Industry News
Buncefield Oil depot fire Disaster Recovery Aftermath
Following the Buncefield oil depot fire in Hemel Hempstead, document management and imaging company Version One has researched the views of Finance Directors from 100 UK organisations.According to Version One, the purpose of the research was to discover whether their businesses could survive the total destruction of all hard-copy business documents, such as invoices, purchase orders, statements, payroll, despatch notes and other forms of paper documentation.
30% of finance directors surveyed said that they would never recover if their paper business documents were destroyed by a fire, flood or terrorist attack.

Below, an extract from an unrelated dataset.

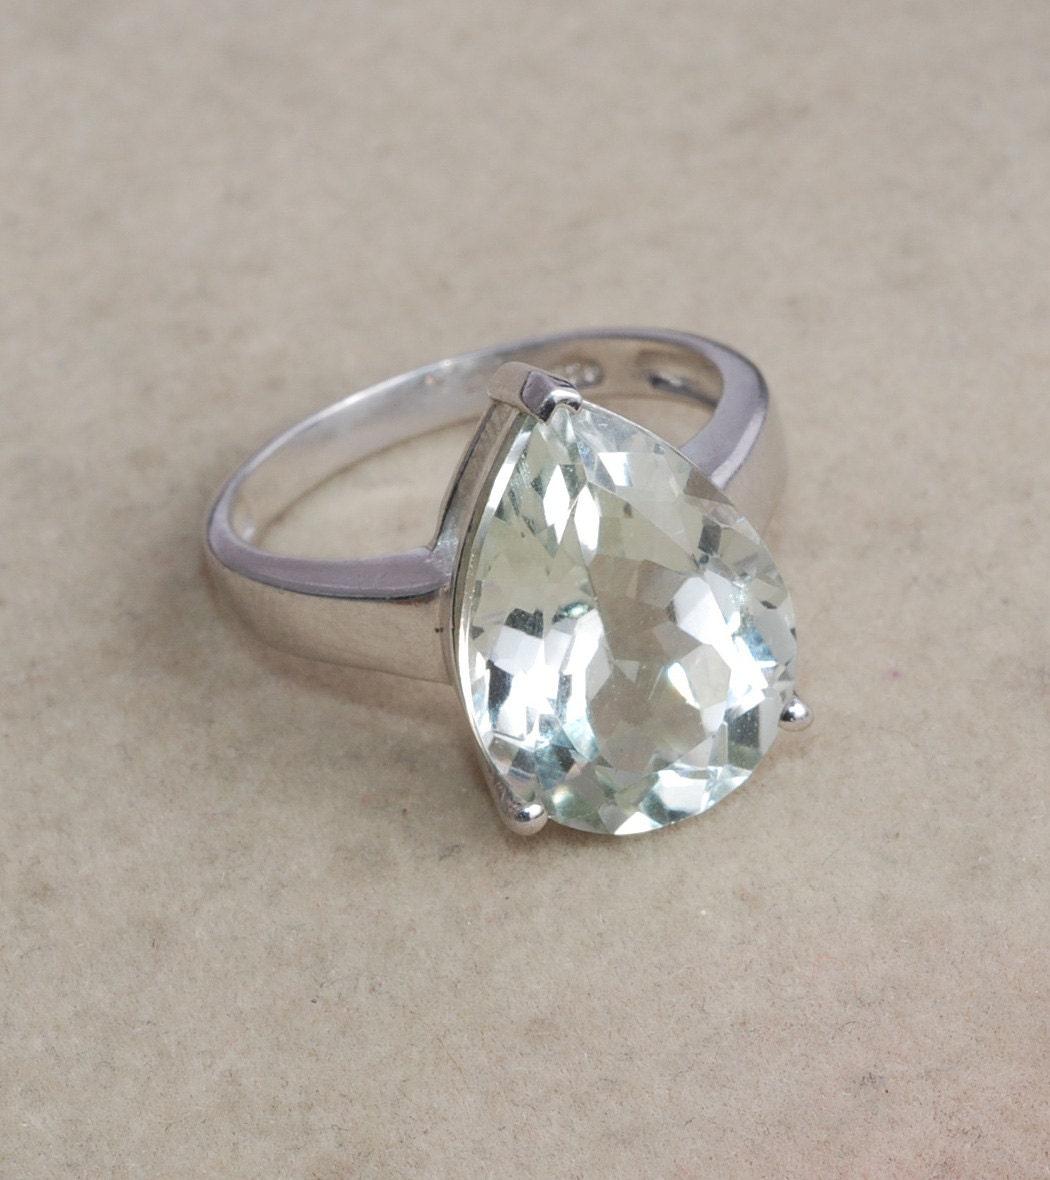 green amethyst 925 sterling silver ring by silverjewelry2015

32% of organisations said they would take at least a year to recover. The remaining 38% said it would take about six months to recover, despite 60% of organisations claiming to have business continuity plans in place.
Version One said that the financial cost of all business documents 'going up in smoke' was also significant. All organisations would incur some financial cost with 45% incurring at least £50,000. 32% of organisations would incur between £100,000 and £800,000 and 15% would have financial costs of more than £1 million!
Key concerns by organisations (if all paper documents were destroyed) include 'critical documents would be lost forever', 'there would be legal and VAT implications' and 'the business would lose SOX compliance'.
In addition, some organisations stated that the destruction of all its hard-copy documents would:
- Cause the business to go under
- Be catastrophic
- Be a nightmare
- Result in redundancies
- Make it virtually impossible to chase debt
"This highlights the complete absence of measures organisations are taking to ensure business continuity" commented Tony Bray, director at Version One. "Many organisations think disasters such as the devastating fire at Buncefield just won't happen to them." Bray said such a mentality was extremely alarming. "The only way organisations can ensure all business documents are protected in the event of a fire or flood, is by electronically storing all documentation from invoices and purchase orders through to despatch notes and technical drawings as well as keeping back-up copies off-site" he added. "Not only is electronically storing all incoming and outgoing documents common sense from a business continuity point of view, it also saves significant amounts of time, money and storage space."